**Dataset records:**
-=-=-=-=-

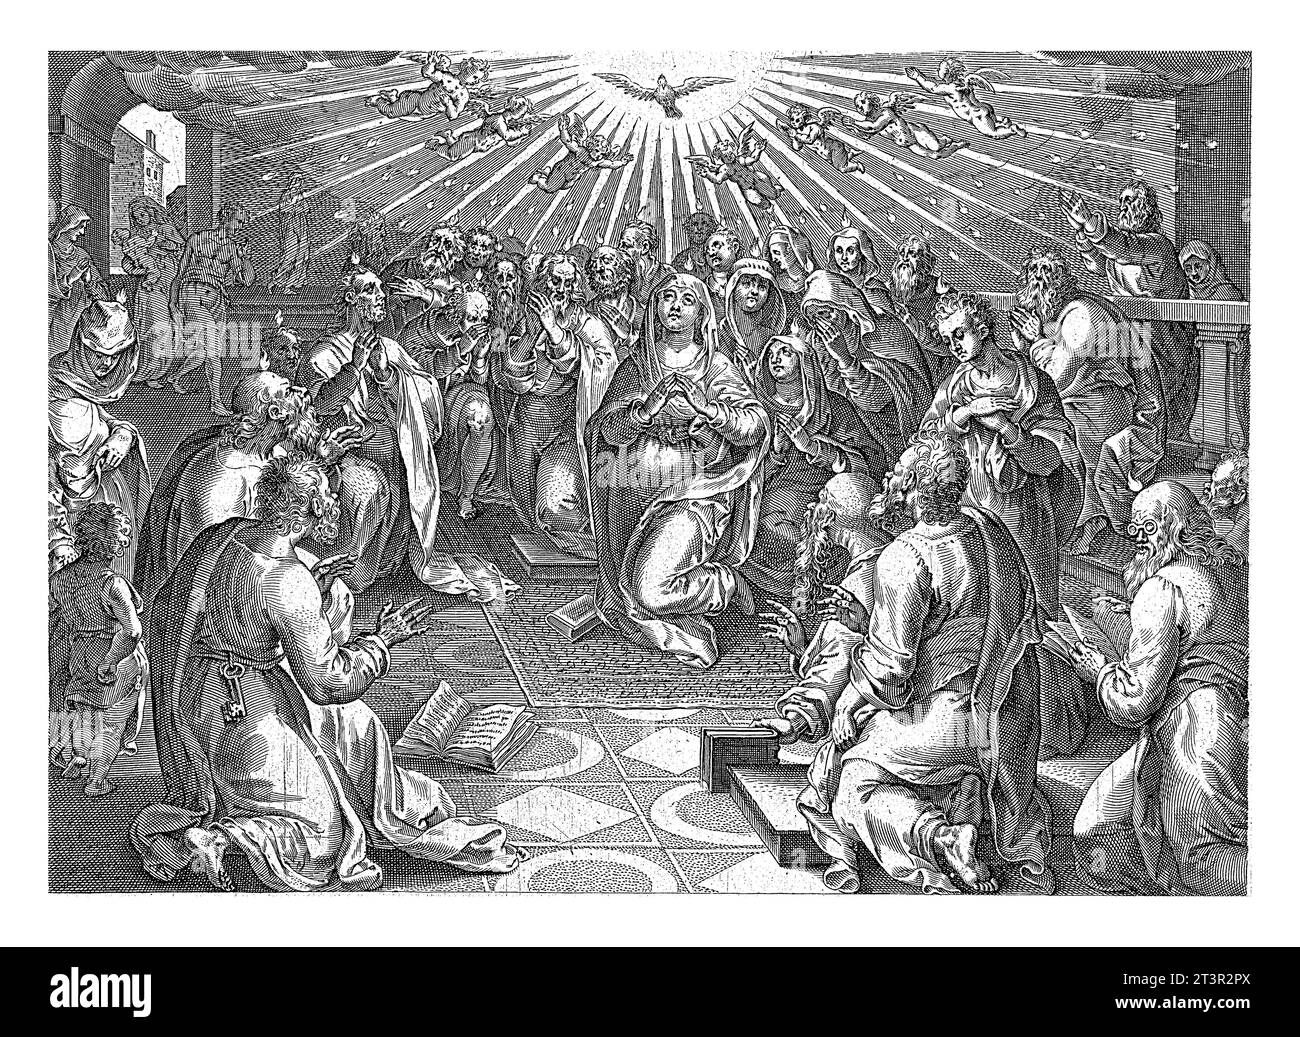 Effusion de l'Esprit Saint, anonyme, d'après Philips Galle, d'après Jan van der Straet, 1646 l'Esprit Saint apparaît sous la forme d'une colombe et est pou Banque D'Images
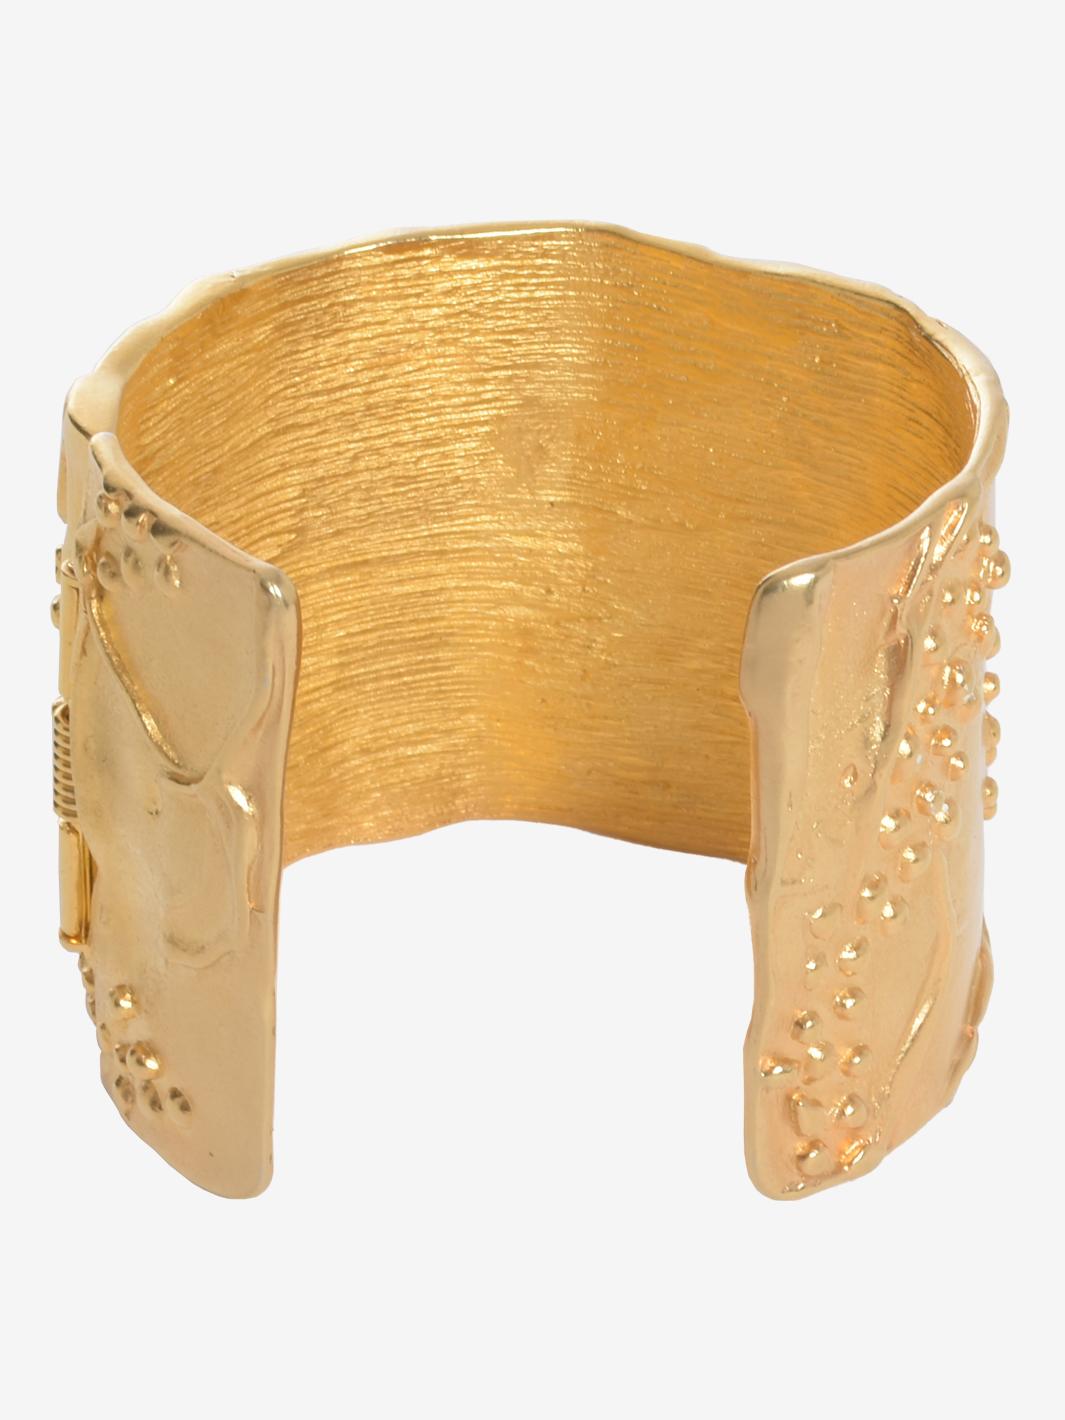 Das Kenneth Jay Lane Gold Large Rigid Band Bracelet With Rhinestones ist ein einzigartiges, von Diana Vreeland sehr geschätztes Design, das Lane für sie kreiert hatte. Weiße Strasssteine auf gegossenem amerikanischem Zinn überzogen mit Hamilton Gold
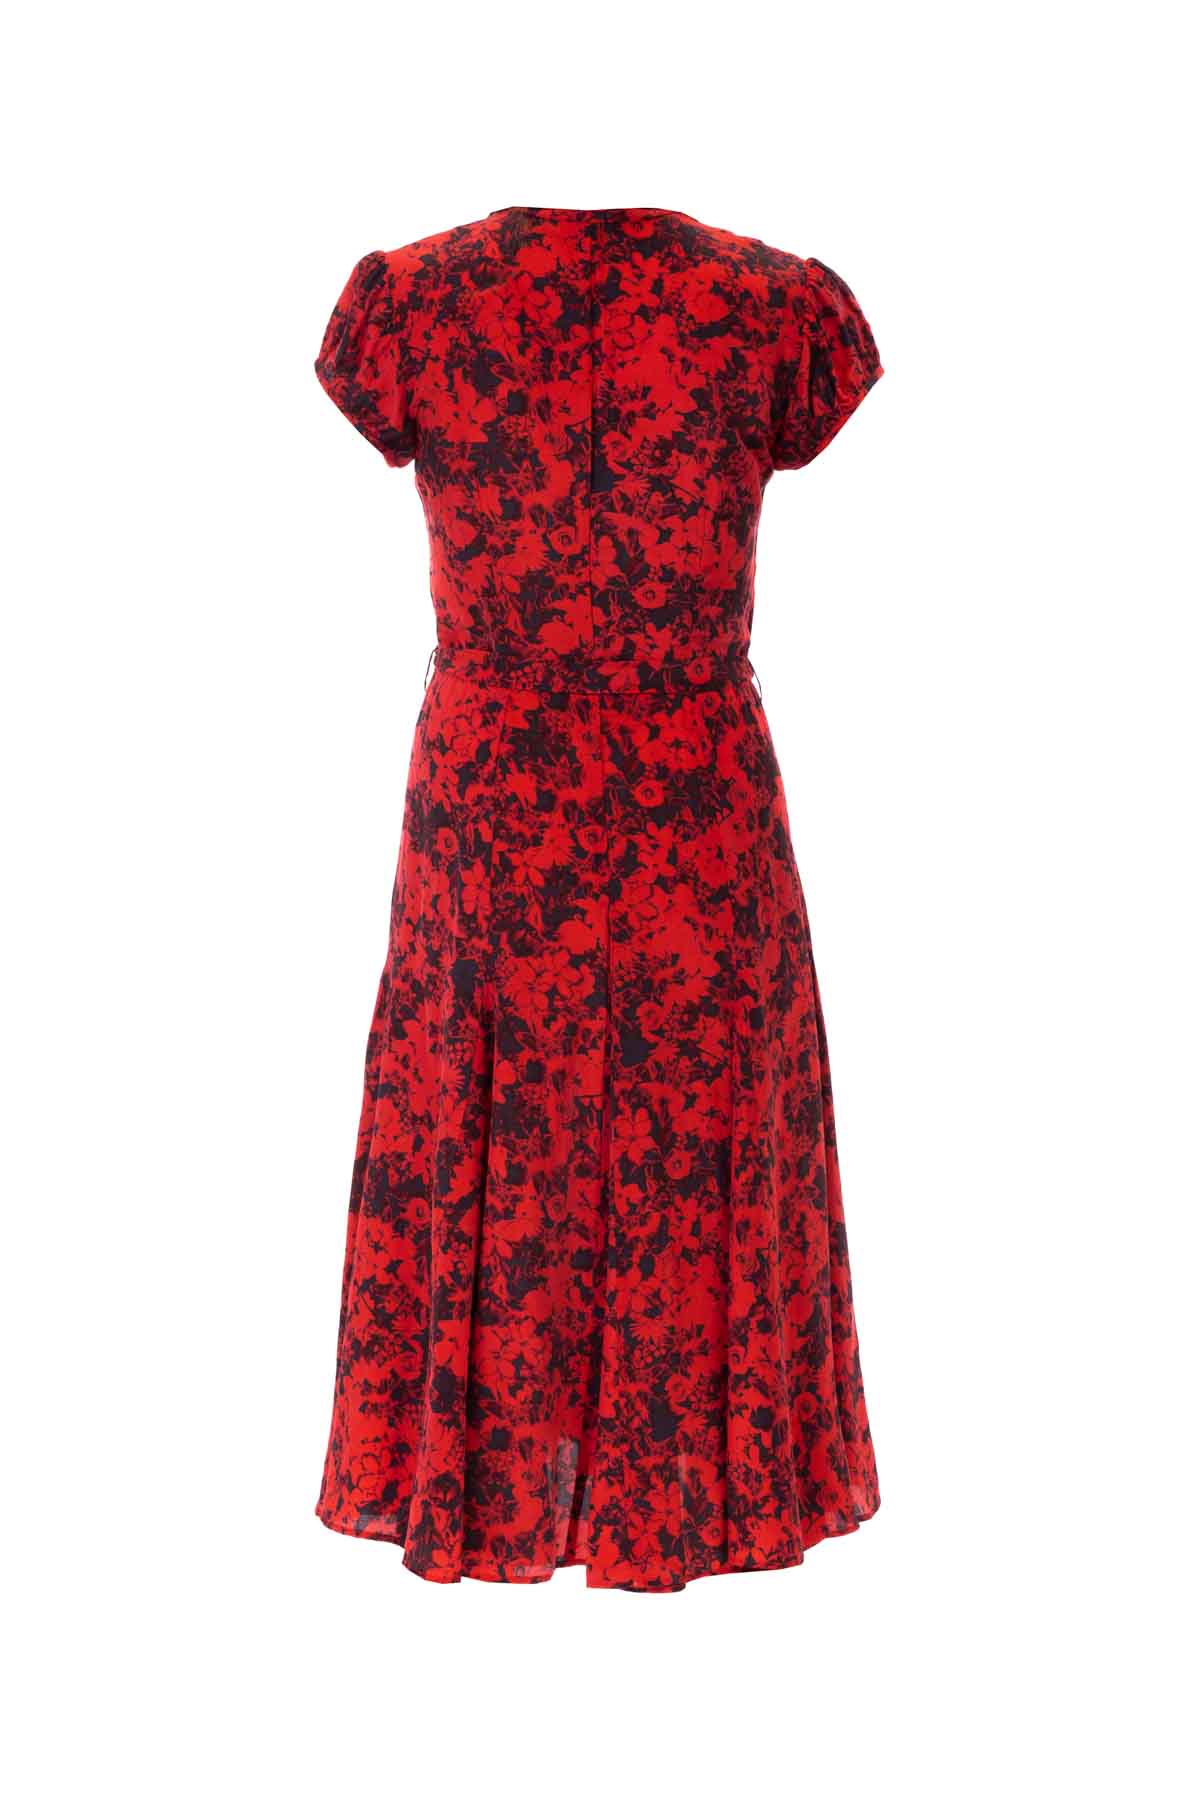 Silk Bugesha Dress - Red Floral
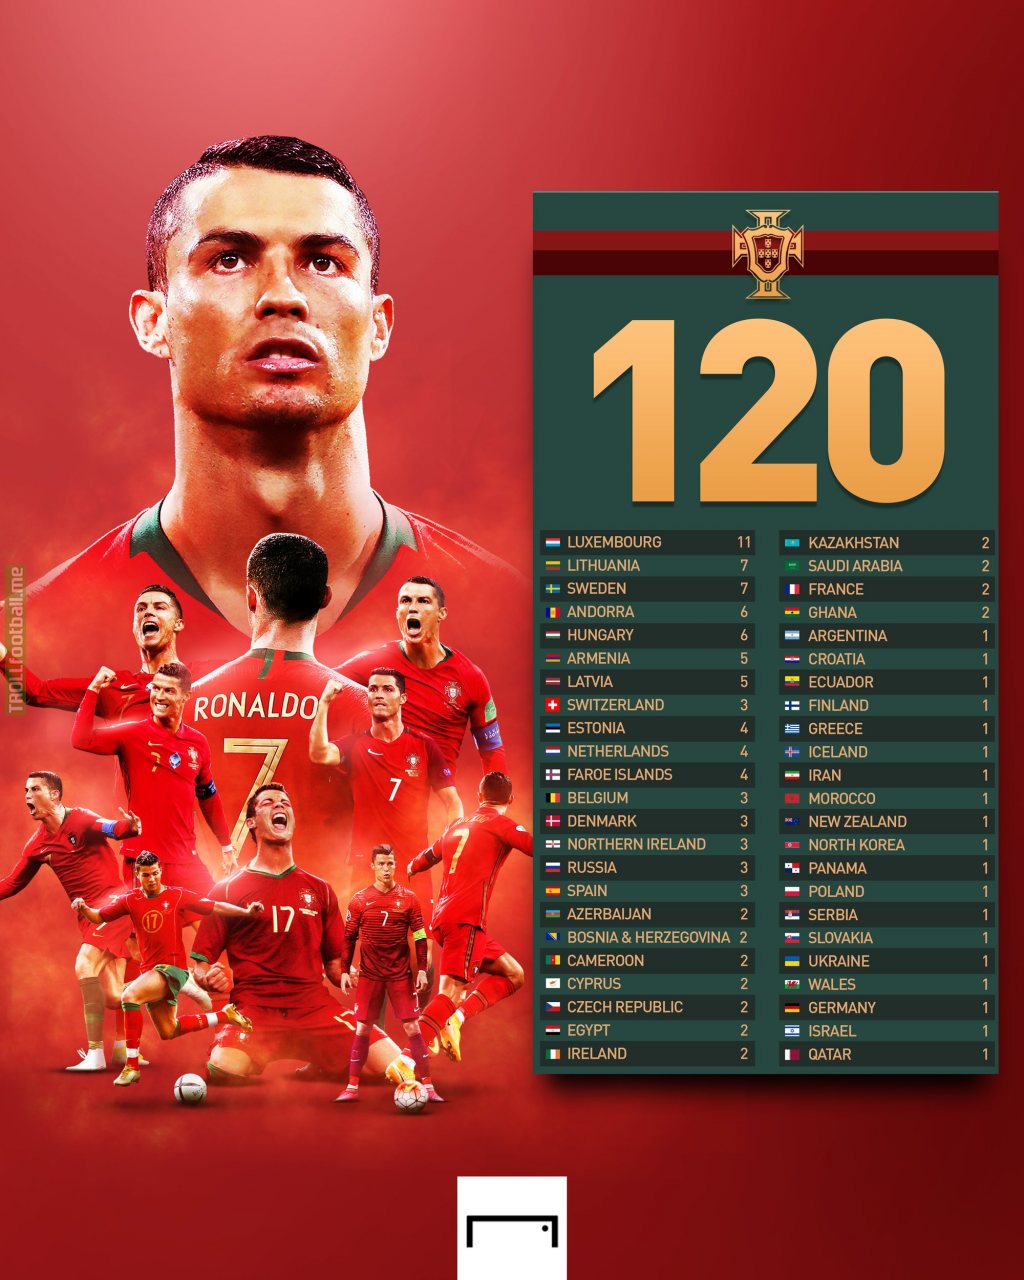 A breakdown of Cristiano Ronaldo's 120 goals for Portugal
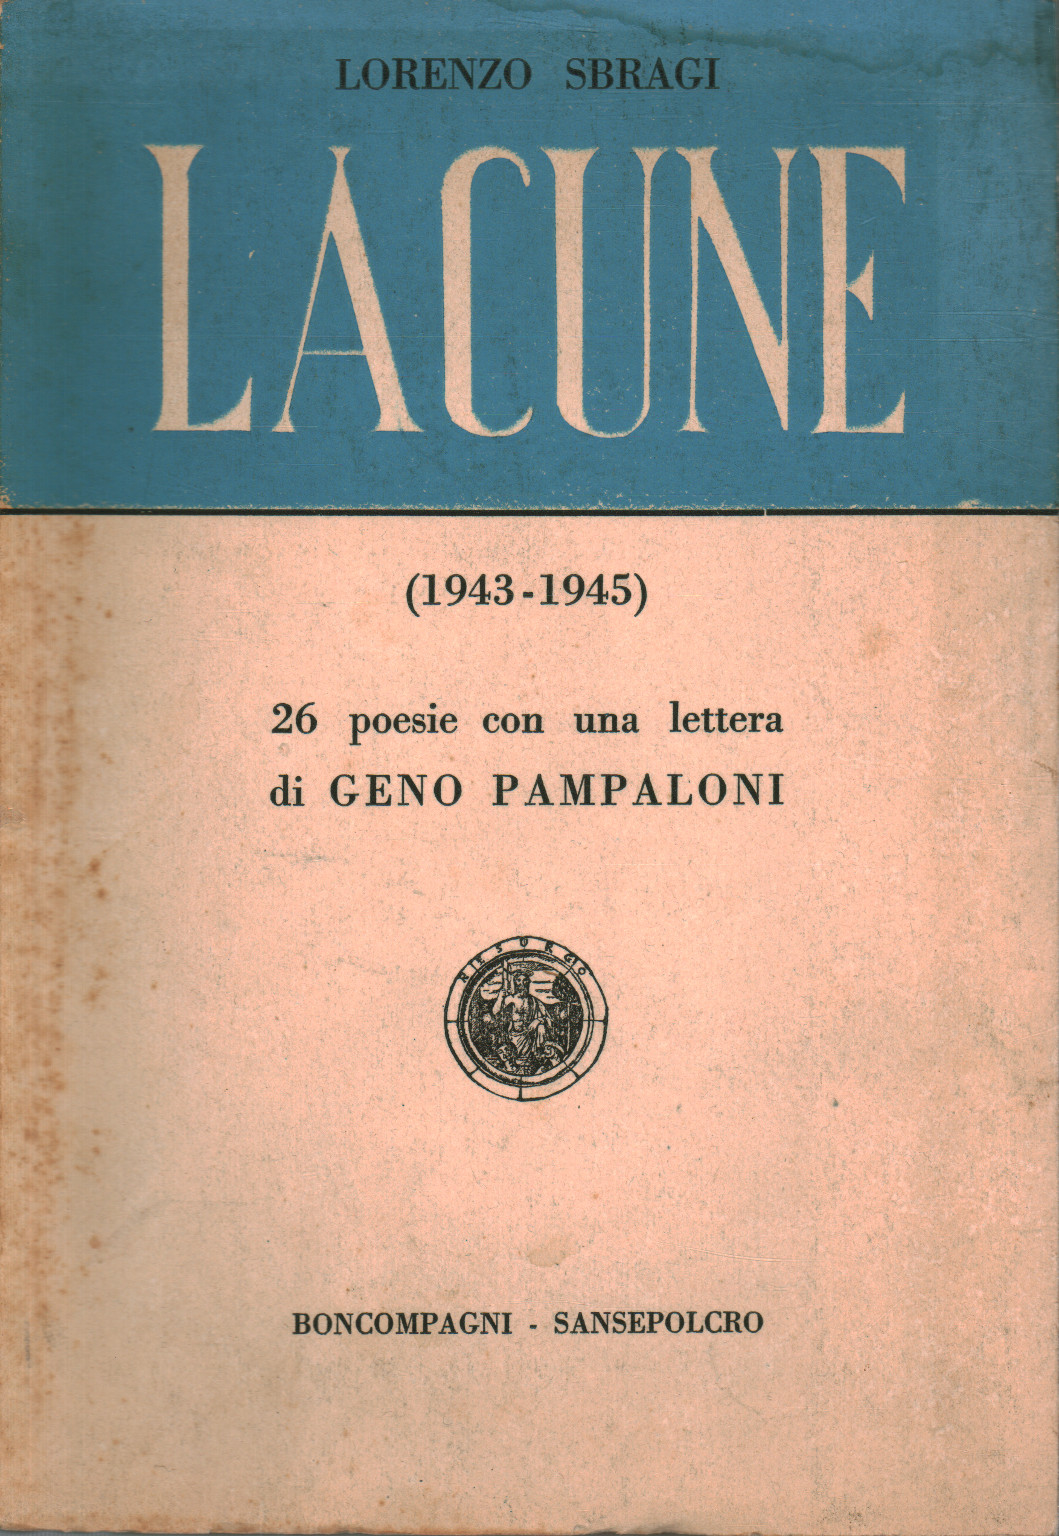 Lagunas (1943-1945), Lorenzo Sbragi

-=-=-=-=-

**Activity:** Could you transcribe exactly the lines from the line containing "A breakdown of" through the final line of the records, both included, and nothing beyond them? The pictures should be left out.

**Your solution:**
 A breakdown of Cristiano Ronaldo's 120 goals for Portugal
 Lagunas (1943-1945), Lorenzo Sbragi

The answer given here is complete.